H111 Chickweed ( Stellaria media )
A plant whose leaves are boiled and eaten like spinach. Very
high in vitamin C. The infusion from this plant is used for sores, skin affections and
blood disorders. Grow as an annual, can be invasive in warm, tropical settings.
TWT031 Giant Goosefoot Magentaspreen
If you like spinach and enjoy cooking with it, but have trouble growing it in your garden, consider growing magentaspreen. This is a plant that is beautiful in the garden, with soft green leaves and a splash of hot magenta-pink at the top of each stem. It is easy to grow, much easier and more productive than spinach. And it is also a tasty crop. It has a milder flavor than spinach; some would say it’s almost as good, and others would say it’s a little better.
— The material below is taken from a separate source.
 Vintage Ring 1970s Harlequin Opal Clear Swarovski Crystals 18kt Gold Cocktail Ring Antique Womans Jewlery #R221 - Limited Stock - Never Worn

This is a beautiful plant to grow with it’s soft green goosefoot shaped leaves that have a splash of magenta-pink on the newest leaves of each stem. It is an annual, meaning it grows for one season, and then dies down. This plant can reach over two metres, appearing like a small tree, and as such is also known as tree spinach. It is much easier to grow than regular spinach though and more productive. Magenta spreen is also called lamb’s quarters. It is sown in the spring and quickly grows during summer producing side shoots that can be picked for cooking like spinach. Just one plant can produce a huge amount of food.
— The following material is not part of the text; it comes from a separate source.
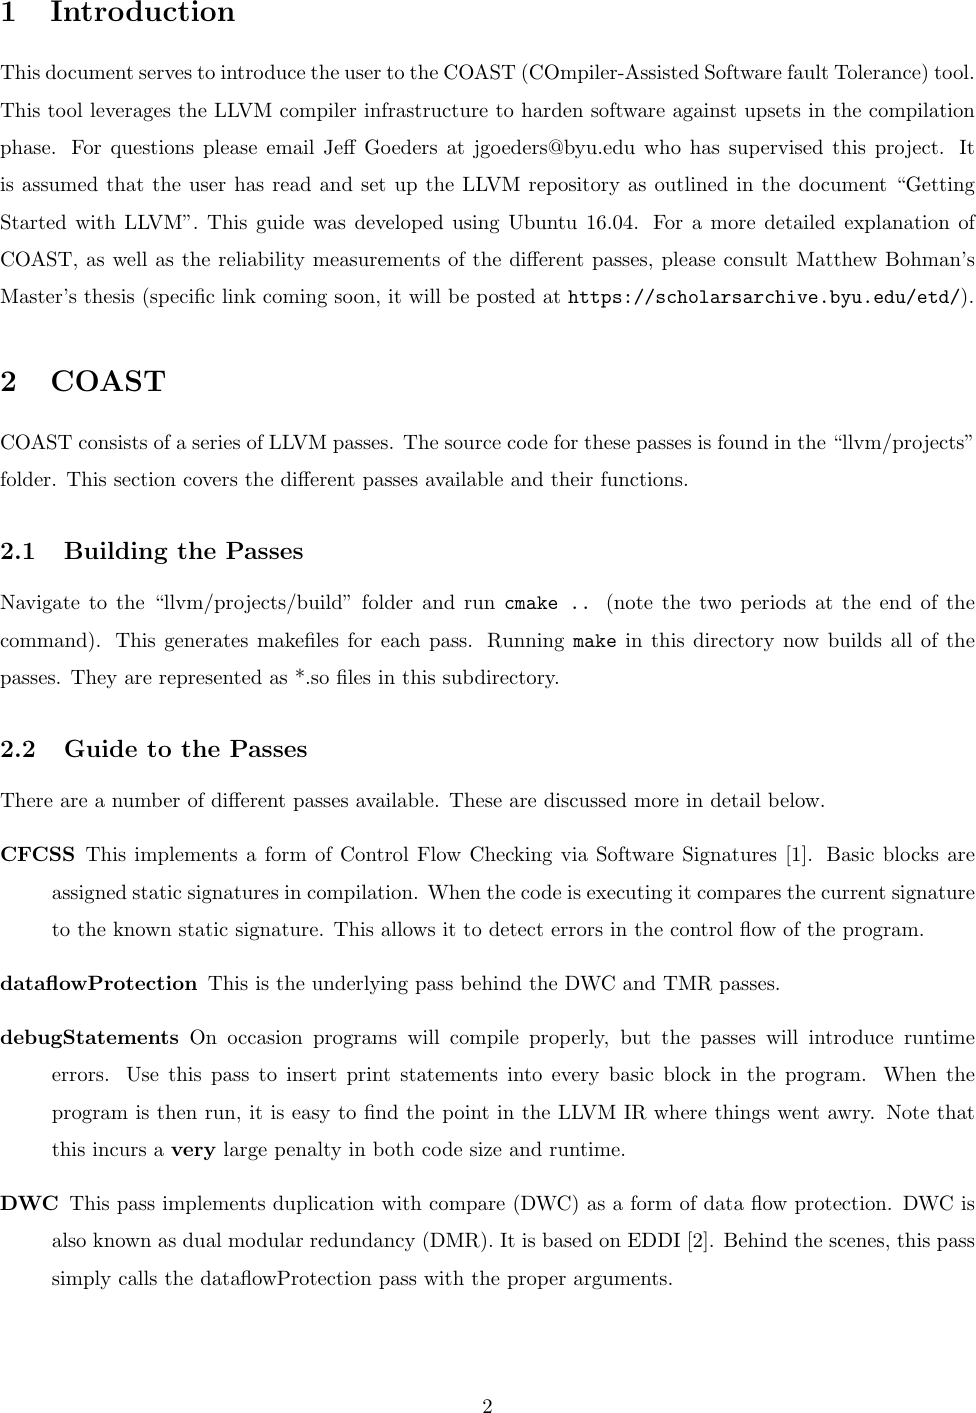 Page 2 of 9 - Coast-user-guide

TWT045 Komatsuna Green Mustard Spinach
Komatsuna Green mustard seeds can be used as a cut-and-come-again crop at any stage of growth. Use steamed or stir-fried or in salads and soups. This is a traditional ingredient in Japanese cooking. It features excellent bolt resistance and cold tolerance so can be grown all year round. Green Komatsuna is one of the greatest vegetables. It’s delicious raw or cooked – try a bunch of leaves as a salad on their own, or toss some leaves into a soup or stir-fry. It works in containers, and it’s very cold hardy, so you can grow it all winter long if you provide some protection from hard frost.
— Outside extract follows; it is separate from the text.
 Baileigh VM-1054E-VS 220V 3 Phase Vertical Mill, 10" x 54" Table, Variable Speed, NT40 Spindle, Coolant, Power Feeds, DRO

TWT046 Komatsuna Red Mustard Spinach
Komatsuna Red mustard seeds tolerate heat well and can be planted from spring to fall. The seeds do not need warm soil to germinate, so they can be planted in late winter for spring harvests as well. Try some in containers on the balcony. The leaves are round, flat and purple on top with green undersides and green stems. They are good in salads, sandwiches, and stir-fries. Use as a baby leaf in salad blends, or try them as microgreens. Plants are fast-growing, productive, tasty, and very easy to grow.
TWT047 Hon Tsai Tai
This flowering purple stem choy sum, also known as kosaitai or hon tsai tai, is a popular Chinese specialty vegetable. The leaf stalks and veins are purple while the leaves are dark green and the flowers are yellow. Low temperatures intensify the colors. Best grown as a fall/winter crop—the plants will bolt early when sown in spring to summer. Kosaitai can be cut young and will re-grow for additional harvests.
Green leaves and purple stems give way to tender edible flower stalks. Harvest just as buds begin to open by cutting or snapping stem with leaves. Use like raab: saute the stems, leaves and florets and flavor lightly.50 days.